### [ACTIVITY]
Without the pictures, repeat all of the data exactly as it appears below.

DATA EXCERPT Block Start

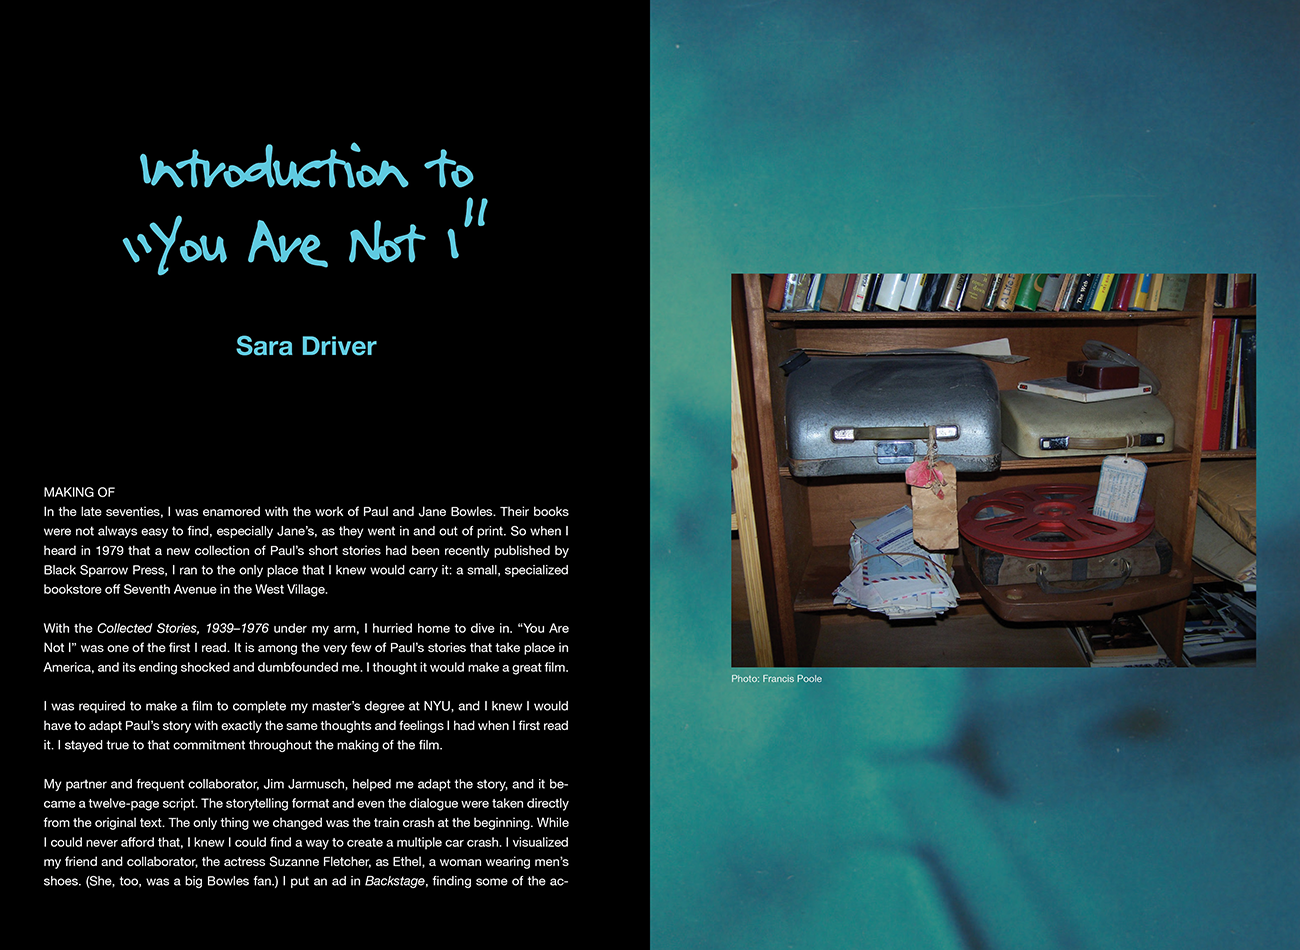 Story artwork by guest designer Jim Jarmusch
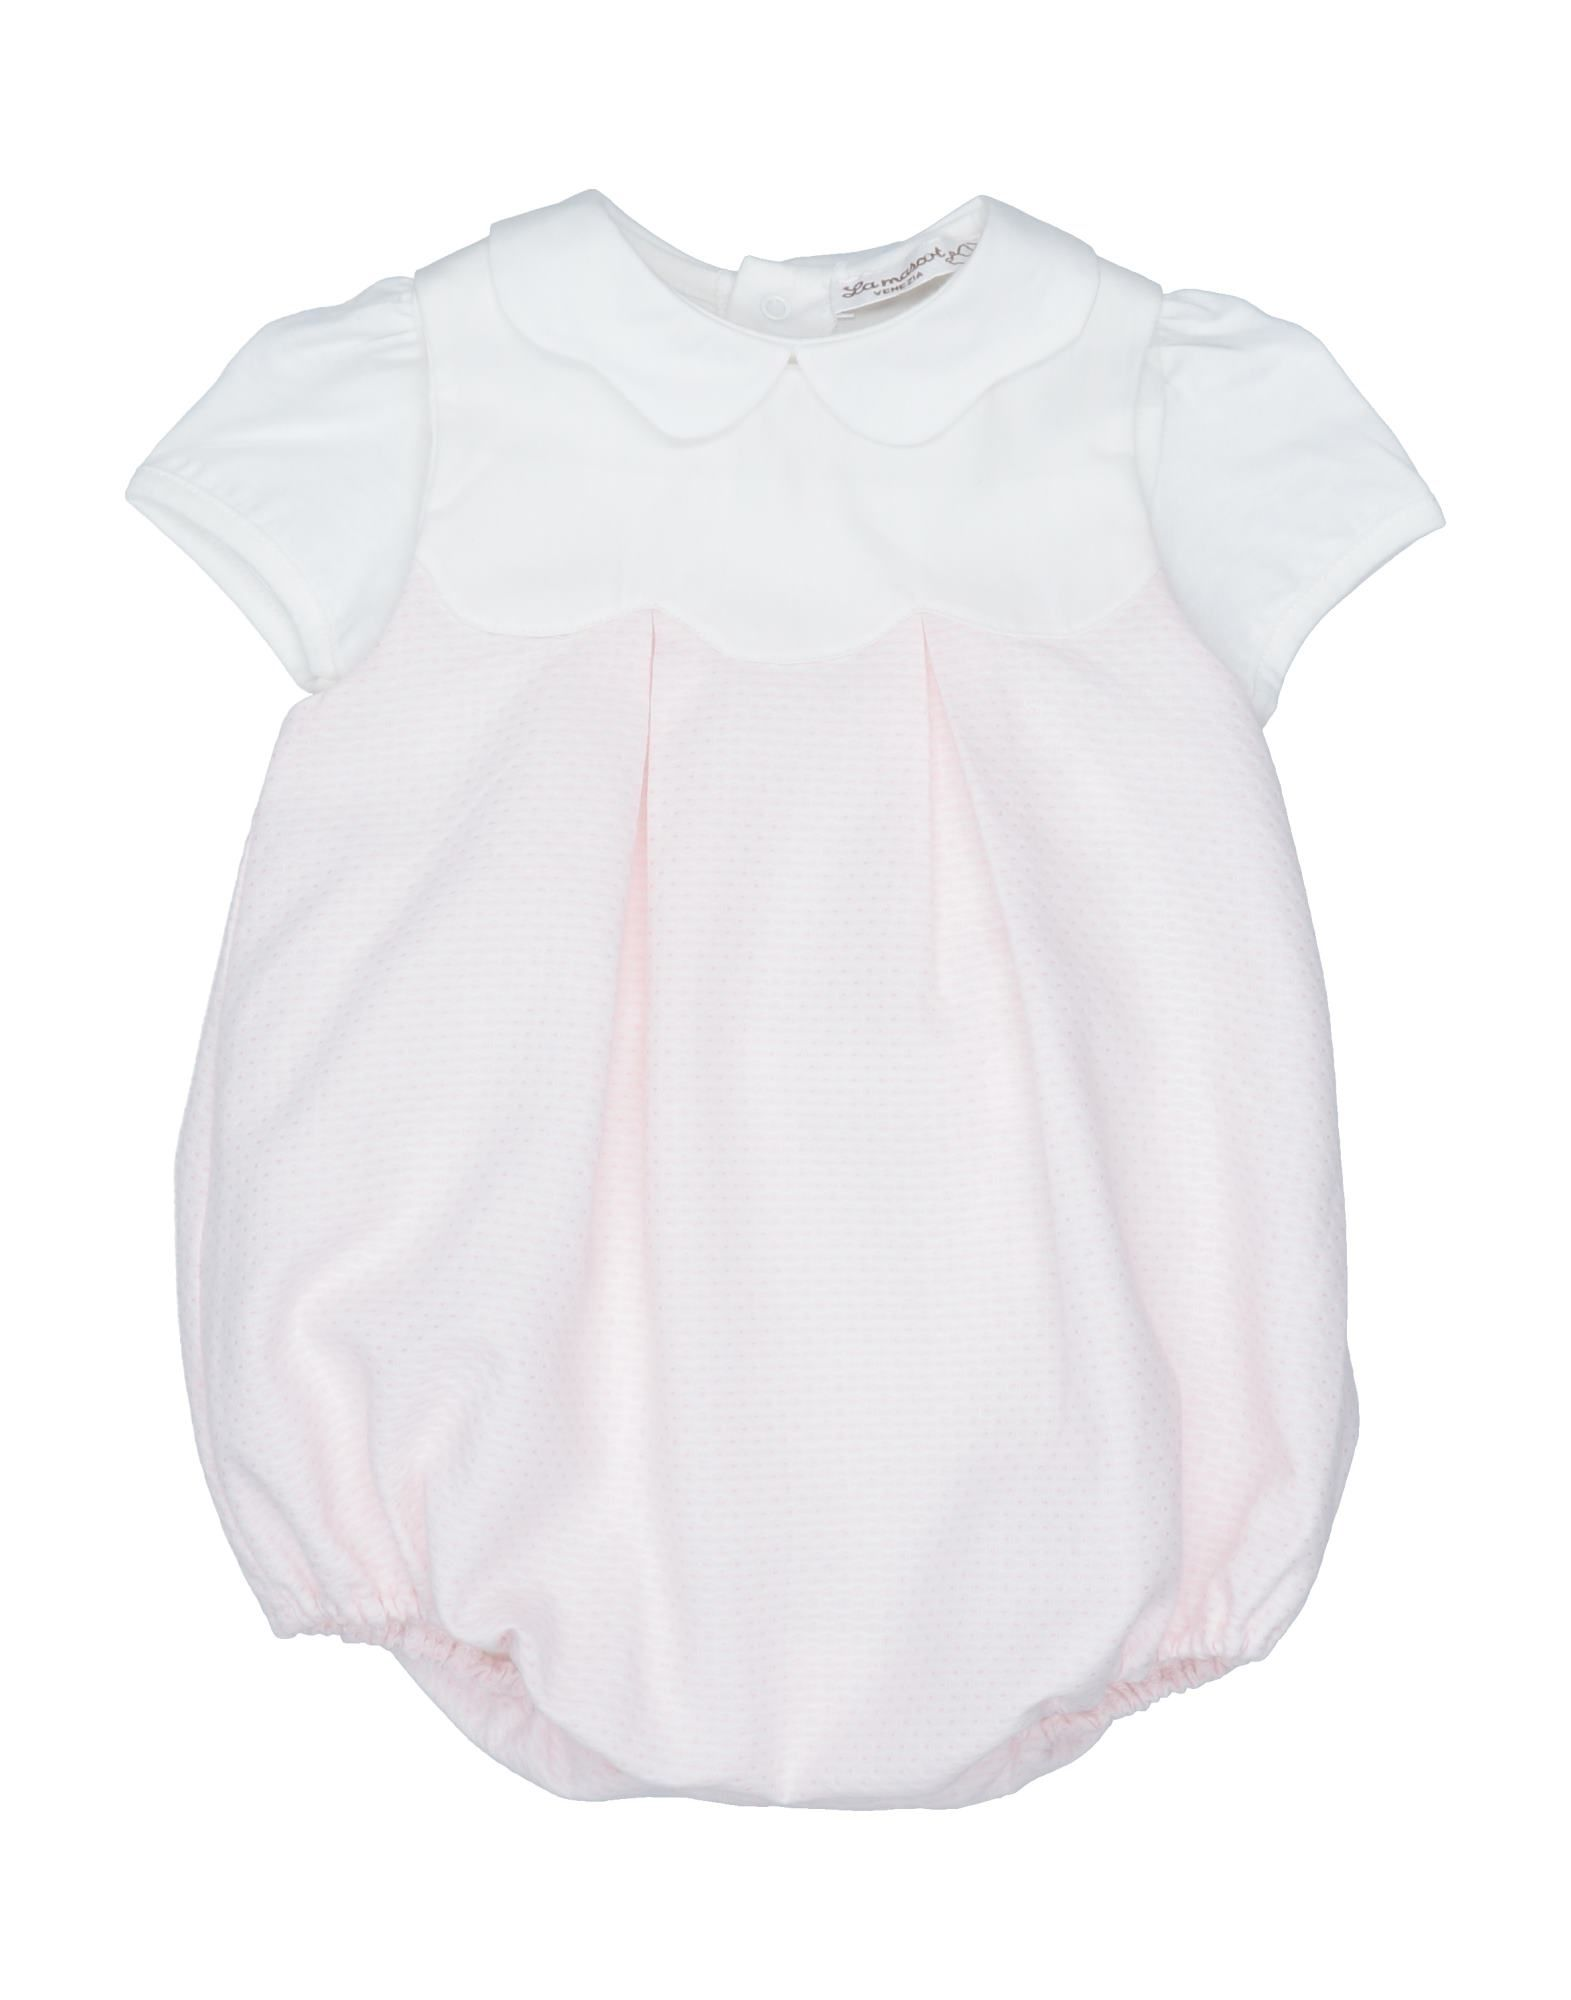 LA MASCOT Bodysuits - Item 15000757
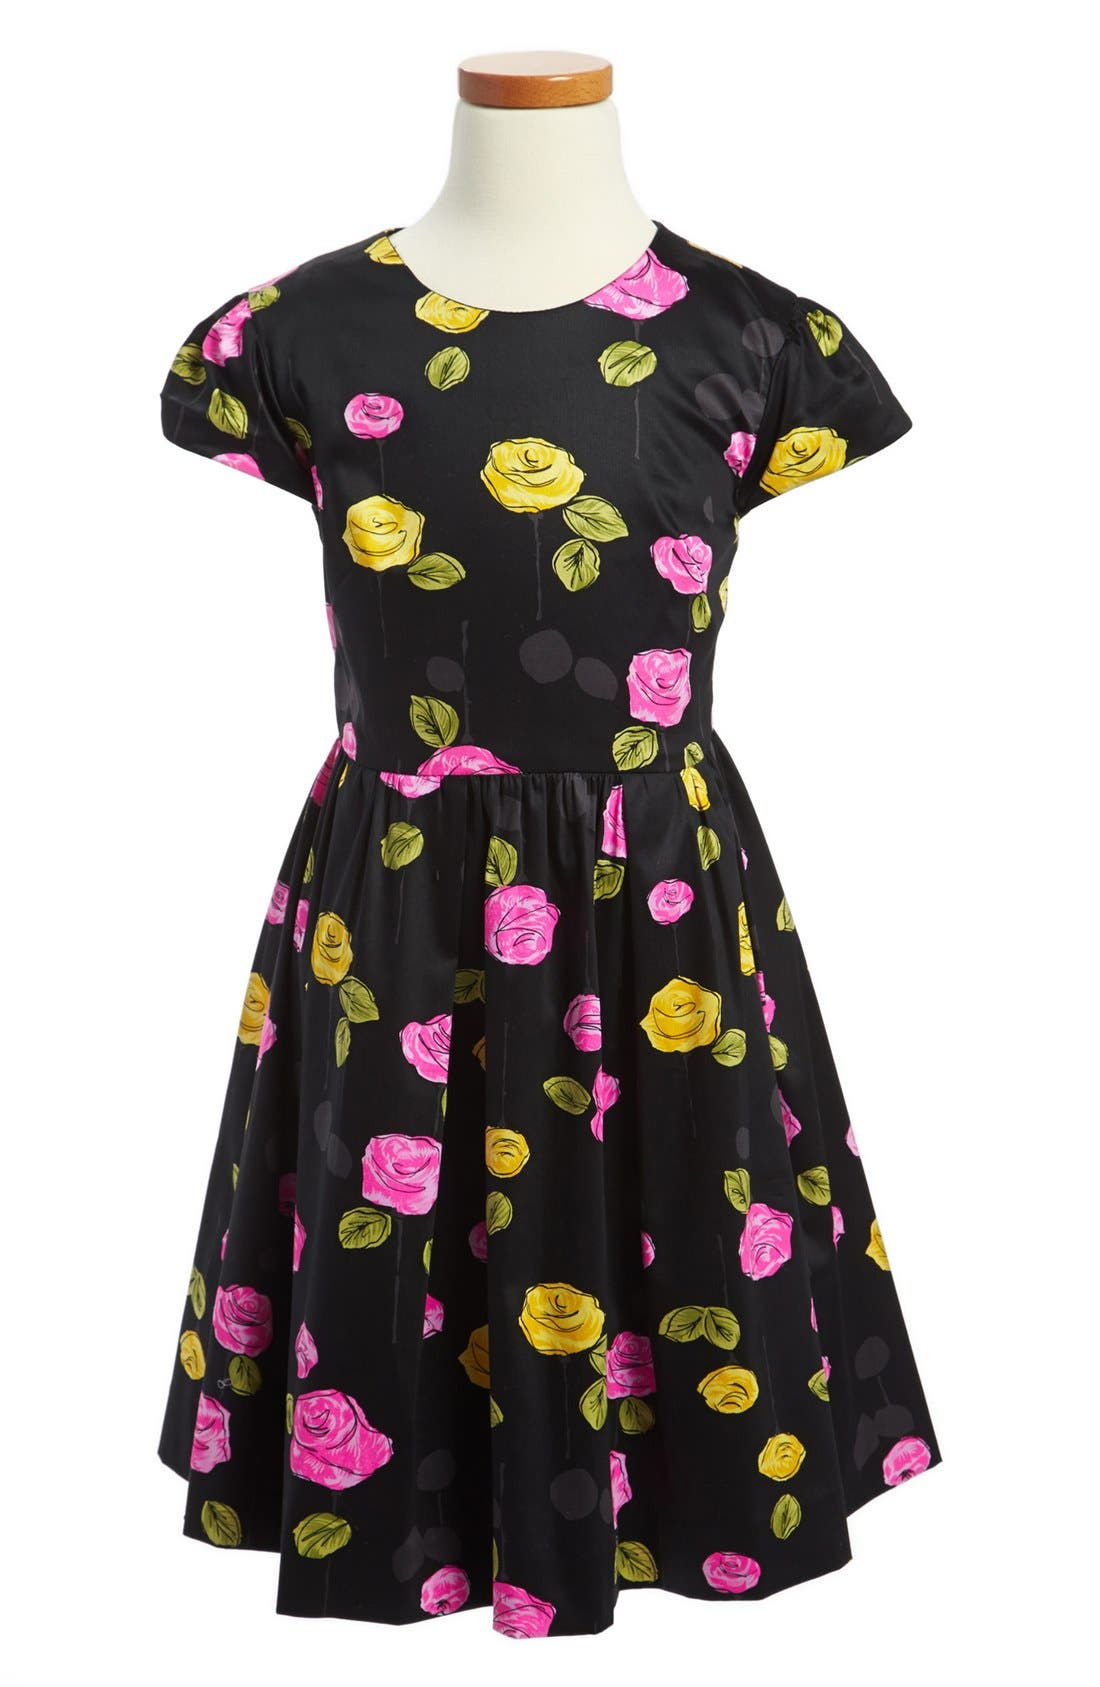 Main Image - Milly Minis 'Mischa' Dress (Toddler Girls, Little Girls & Big Girls)

DATA EXCERPT Block End

### [RESULT OF THE TASK]
 Story artwork by guest designer Jim Jarmusch
 LA MASCOT Bodysuits - Item 15000757
 Main Image - Milly Minis 'Mischa' Dress (Toddler Girls, Little Girls & Big Girls)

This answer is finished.